* [Work instruction]:
What you should give back is a precise copy of the lines below from the one containing "Signs of Iron" through the one containing "Scia Antincendio", with no pictures.

* [Information provided]:
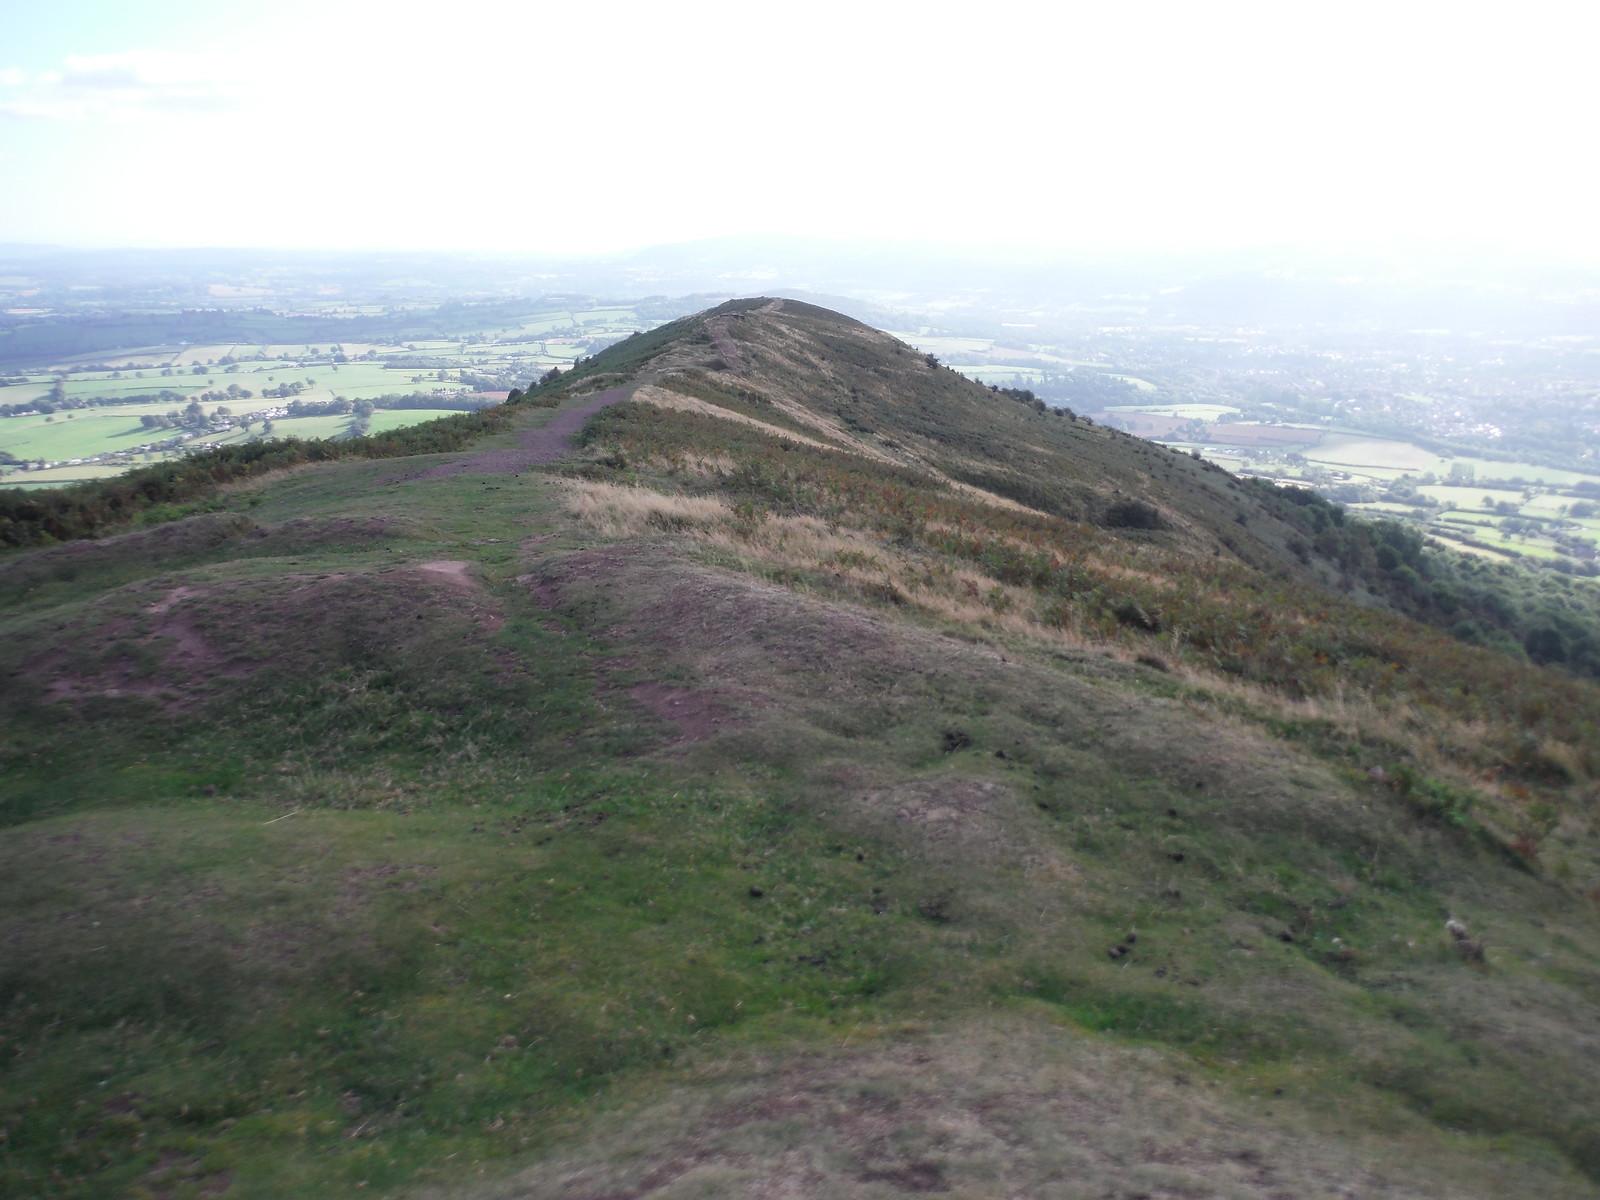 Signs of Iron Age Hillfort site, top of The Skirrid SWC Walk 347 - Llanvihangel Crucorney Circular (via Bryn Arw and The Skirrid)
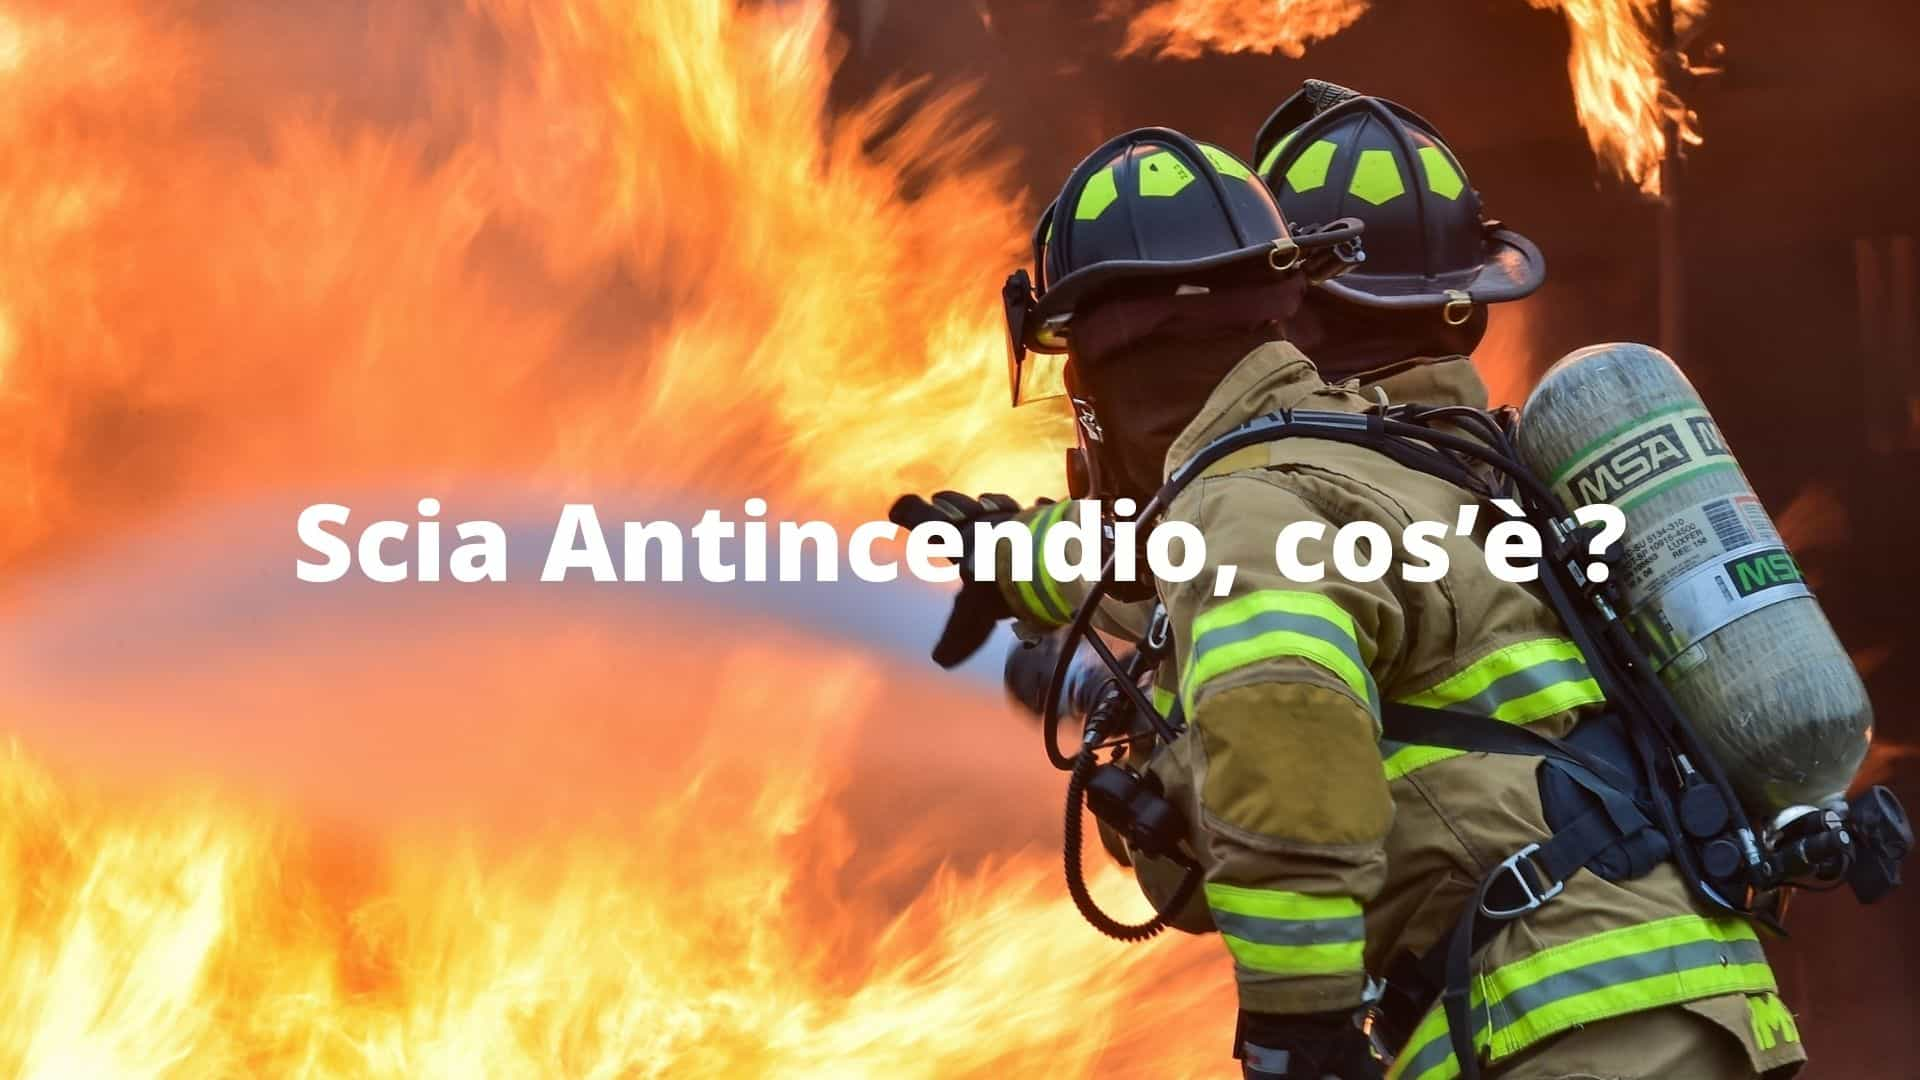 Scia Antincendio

==

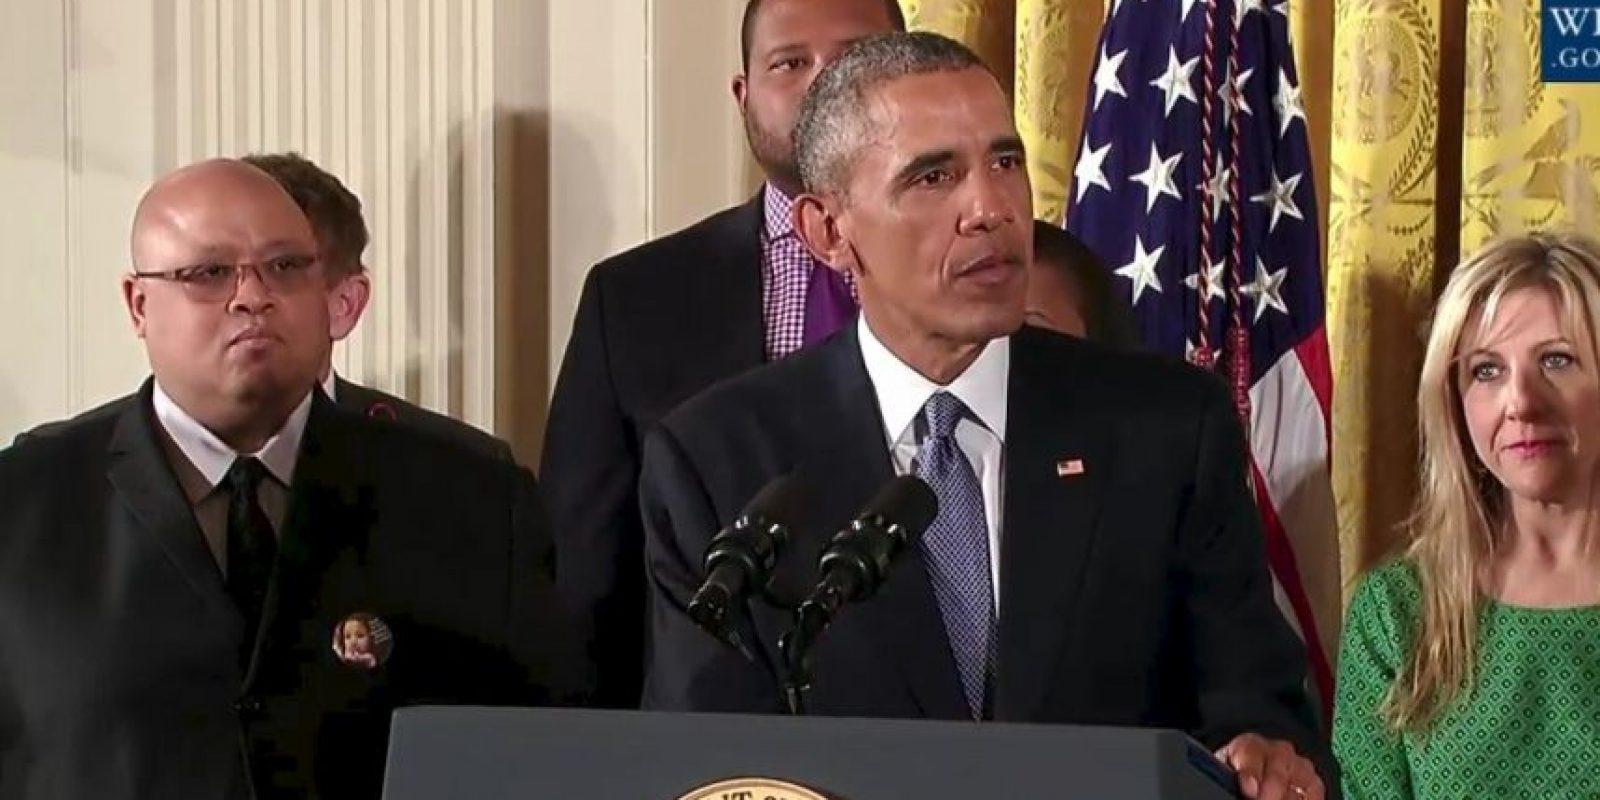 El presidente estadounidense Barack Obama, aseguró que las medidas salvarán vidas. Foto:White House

* [Answer to this exercise]:
 Signs of Iron Age Hillfort site, top of The Skirrid SWC Walk 347 - Llanvihangel Crucorney Circular (via Bryn Arw and The Skirrid)
 Scia Antincendio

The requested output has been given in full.